Windows Forms Eventing: Adding Pub/Sub
In my last post, I described the creeping problem I’ve been having with wiring my large Windows Forms application up with EventHandler delegates. In short, the design becomes brittle—it’s hard to write and hard to change. Luckily, the solution is an easy one: Publish/Subscribe.

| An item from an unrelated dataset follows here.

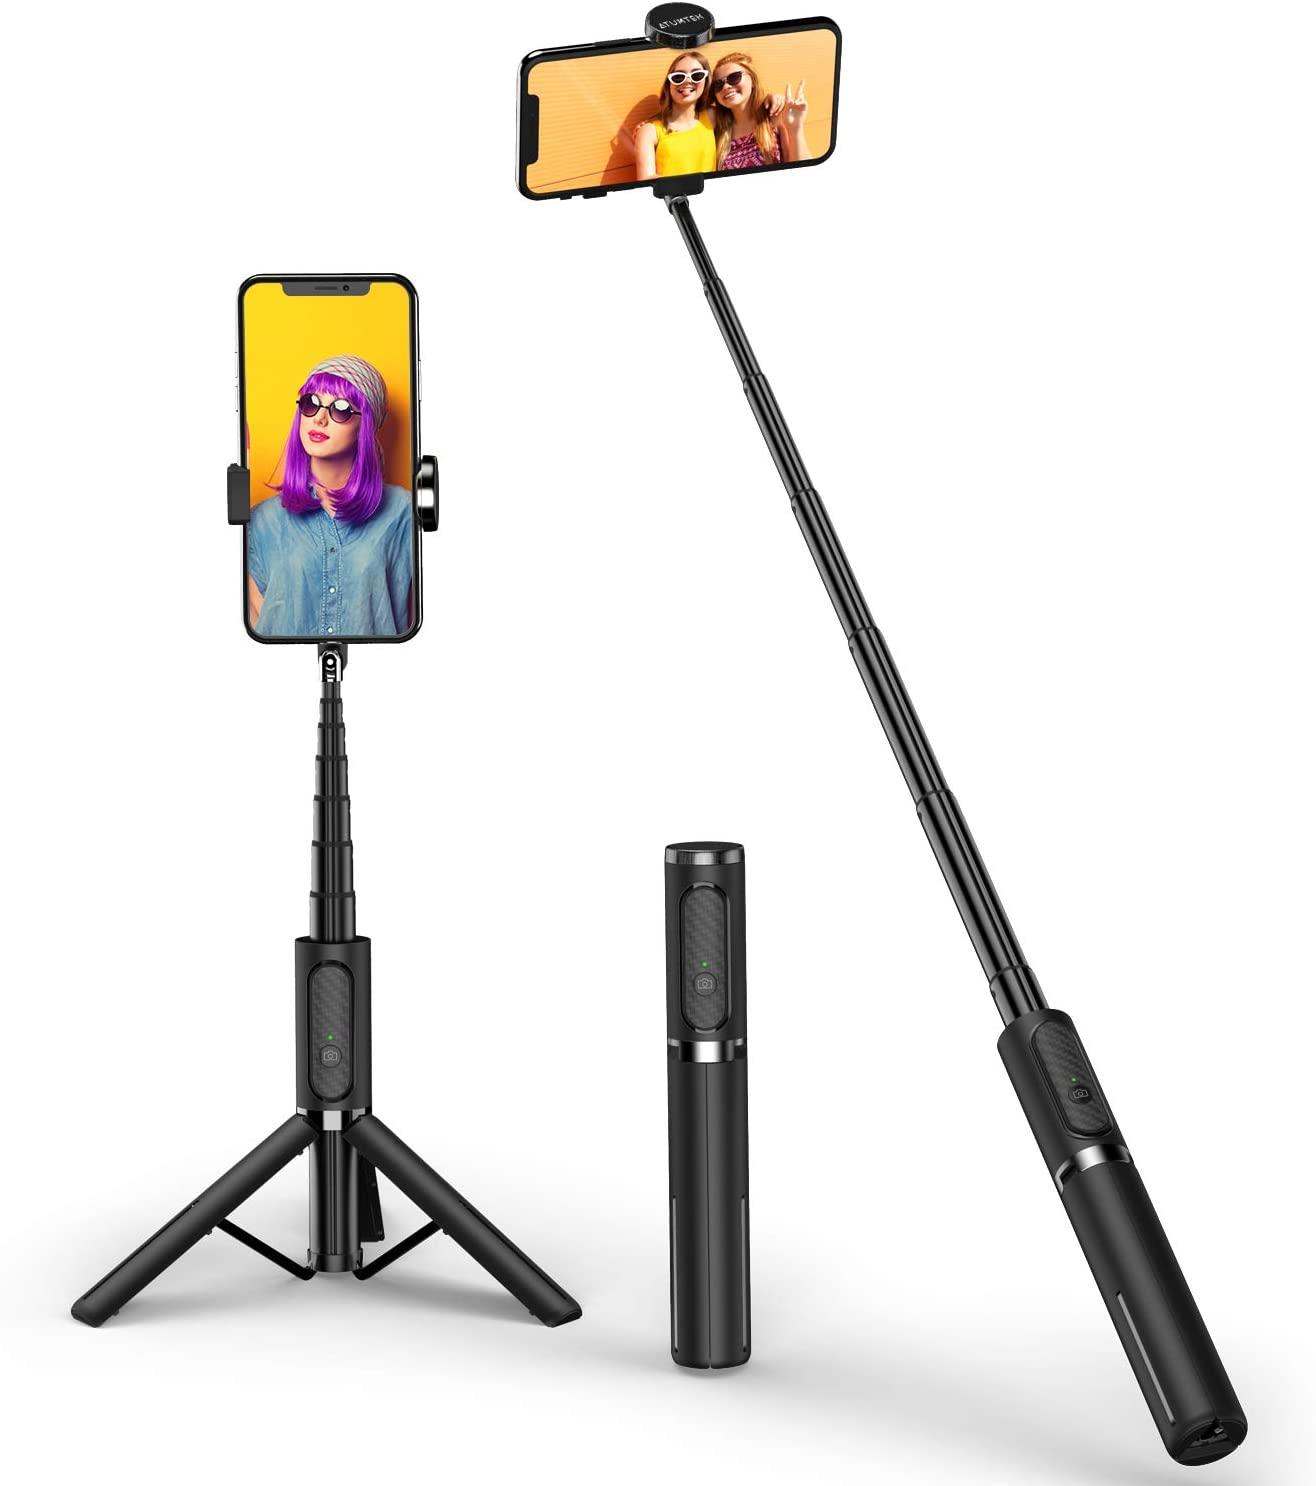 Top 5 Google Pixel 2 XL Selfie Stick 2020 Review

The Event Aggregator is a singleton. You can either manage this yourself, or you can have your Inversion of Control container do it for you. When an Event Receiver is created, it registers itself with the Event Aggregator, which stores a reference to the receiver. When a Event Sender sends a message to the Event Aggregator, the aggregator loops through all the registered receivers and calls a method on them to handle the event. This is facilitated by having the receivers implementing an interface. Here’s a simple implementation:
public class EventMessage
{
public string MessageText
{ get; set; }
}
public interface IEventReceiver
{
void Handle(EventMessage message);
}
public interface IEventAggregator
{
void SendMessage(EventMessage message);
void AddReceiver(IEventReceiver receiver);
void RemoveReceiver(IEventReceiver receiver);
}
public class EventAggregator
: IEventAggregator
{
private readonly List<IEventReceiver>
receivers = new List<IEventReceiver>();
#region IEventAggregator Members
public void SendMessage(EventMessage
message)
{
receivers.ForEach(r => r.Handle(message));
}
public void AddReceiver(IEventReceiver
receiver)
{
if (receivers.Contains(receiver)) return;
receivers.Add(receiver);
}
public void RemoveReceiver(IEventReceiver
receiver)
{
receivers.Remove(receiver);
}
#endregion
}
public class EventReceiver
: IEventReceiver
{
public EventReceiver(IEventAggregator aggregator)
{
aggregator.AddReceiver(this);
}
#region IEventReceiver Members
public void Handle(EventMessage
message)
{
Console.WriteLine(message.MessageText);
}
#endregion
}
public class EventSender
{
private IEventAggregator aggregator;
public EventSender(IEventAggregator aggregator)
{
this.aggregator = aggregator;
}
public void SendErrorMessage(string message)
{
aggregator.SendMessage(new EventMessage { MessageText
= message });
}
}
This is a big improvement over manual event wiring through an application. No longer do the targets of a message need to know (have references to) the senders of the message in order to make the connection. You can add a new target (receiver) without changing the code of the sender. You can add a new sender without changing the code of the receivers. And you don’t have to manually map things out in some sort of registry class. This is simple easy and it will work.
It’s always something with you, isn’t it?
Ok. I like it. I’m happy. But how many of these things am I going to have floating around? It seems like a lot of code to write to hand one type of event between some components. I’m going to have to hire some Indian outsourcing company to write all of these singleton aggregators.